With respect to pronunciation, one can utilize pronunciation lexicons with hypertext documents. Also, resembling EPUB3, one can utilize SSML-based attributes on generated hypertext outputs to provide pronunciation data.
Use GPT-3 style API'sEdit
Wikifunctions should support function contracts, as already provided by different programming languages (like Eiffel, Spark-Ada, or JML; or even Python with different packages), that is:
- Preconditions: A new section after the function arguments with a list of boolean predicates indicating the conditions required by the arguments before calling this function (e.g. list cannot be empty, or first parameter must be greater than the second one)
- Postconditions: A new section after the function arguments with a list of boolean predicates indicating the conditions that are guaranteed by the result of the function (e.g. result is between zero and the first parameter, or the length of the output list is the length of the input list plus one)
- Type invariants: A new section in the data type page with a list of boolean predicates indicating the conditions met by every value of this data type (e.g. value must be strictly greater than zero, or is a prime number)
Probably the simplest approach is that each predicate is just a function in the same namespace as the rest of the functions. In programming languages usually extra operations are allowed in contract predicates (like the "for all" or "there is at least one" quantifiers), but this may be optional. In pre-conditions it would be required just to reference the function arguments, and in post-conditions a way to reference the function result will be needed. As I understand that arguments cannot be modified, there is no need to reference in postconditions the original value of a parameter at function start. All predicates of the list must be true (i.e. a logical and of all the predicates), and preconditions can be as detailed as needed, probably being also useful for renderers, e.g. argument must be an wikidata item of a human, and also already dead.

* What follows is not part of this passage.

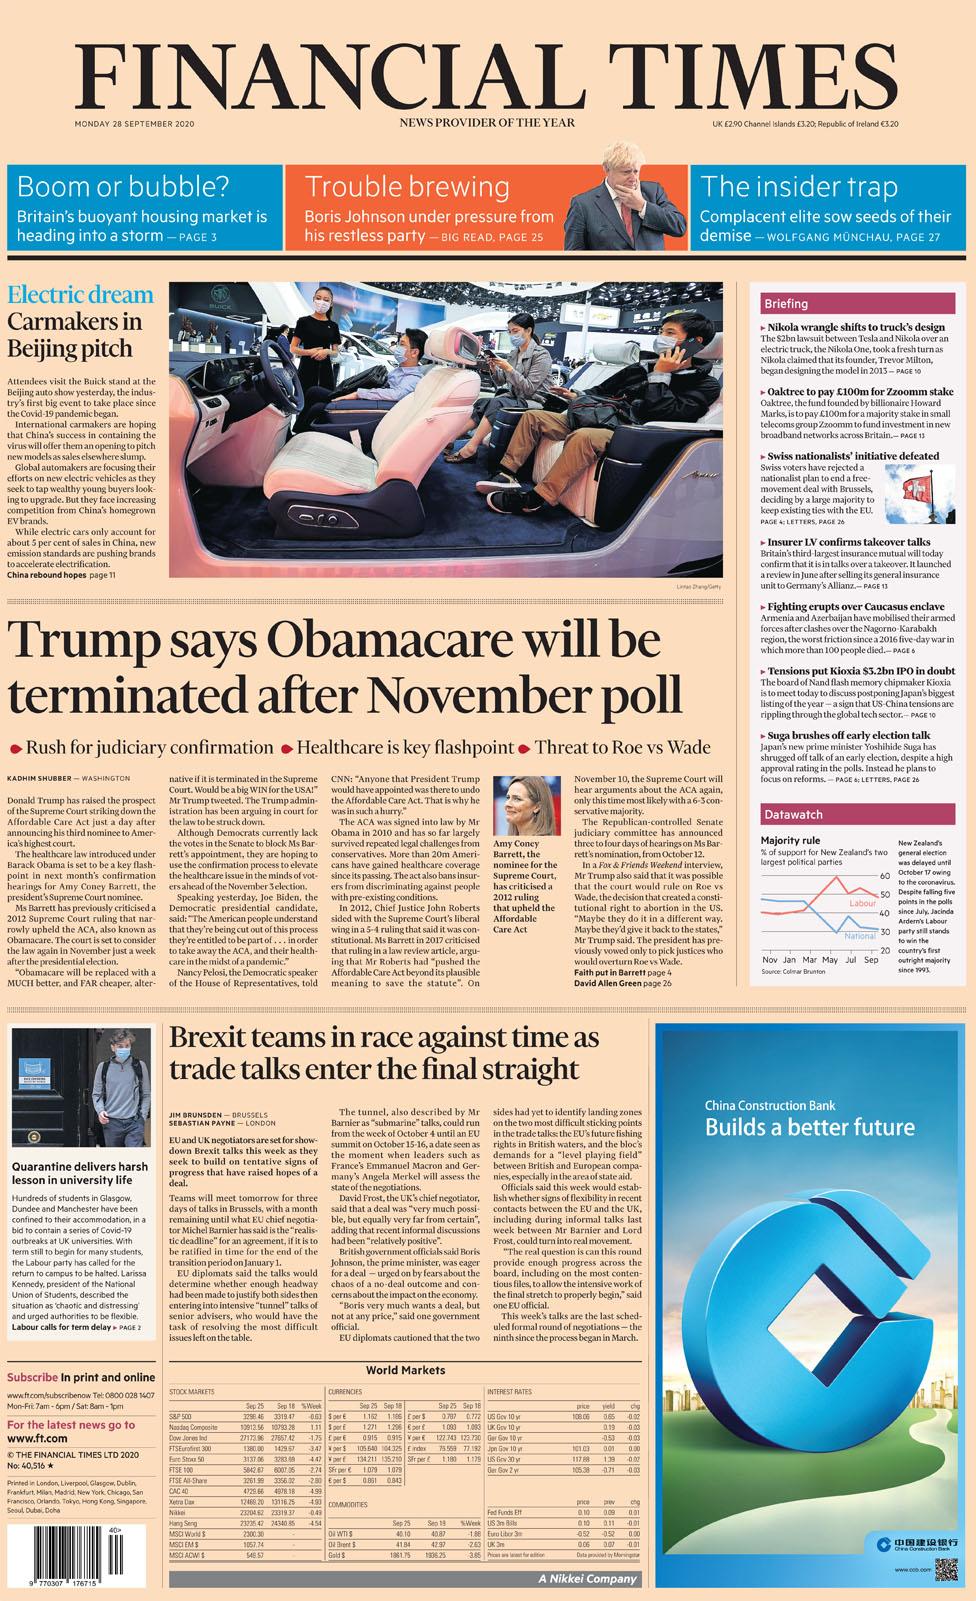 Financial Times Monday 28

Besides formally documenting the function for implementers and users (e.g. if a precondition fails, the user will get a unified and clear error message, without the need to handle the different errors inside each function implementation), postconditions are very useful for automatically checking the results during tests, and would be nice that the platform generates a report with constraints violations for each implementation in case a result doesn't fulfill the postcondition with a set of input parameters (so the implementation or postcondition can be corrected). Type invariants would be implicit function preconditions of every function with arguments of that type, and implicit postconditions of every function with a result of that data type.
Other advantages usually obtained is the potential to simplify implementations because some defensive code can be reduced thanks to the preconditions, and avoids the need to handle exceptional situations in a compatible way between all supported languages. Maybe "robustness tests" should also be provided, i.e. some special tests for a function checking that some parameters are not allowed by the current preconditions of the function.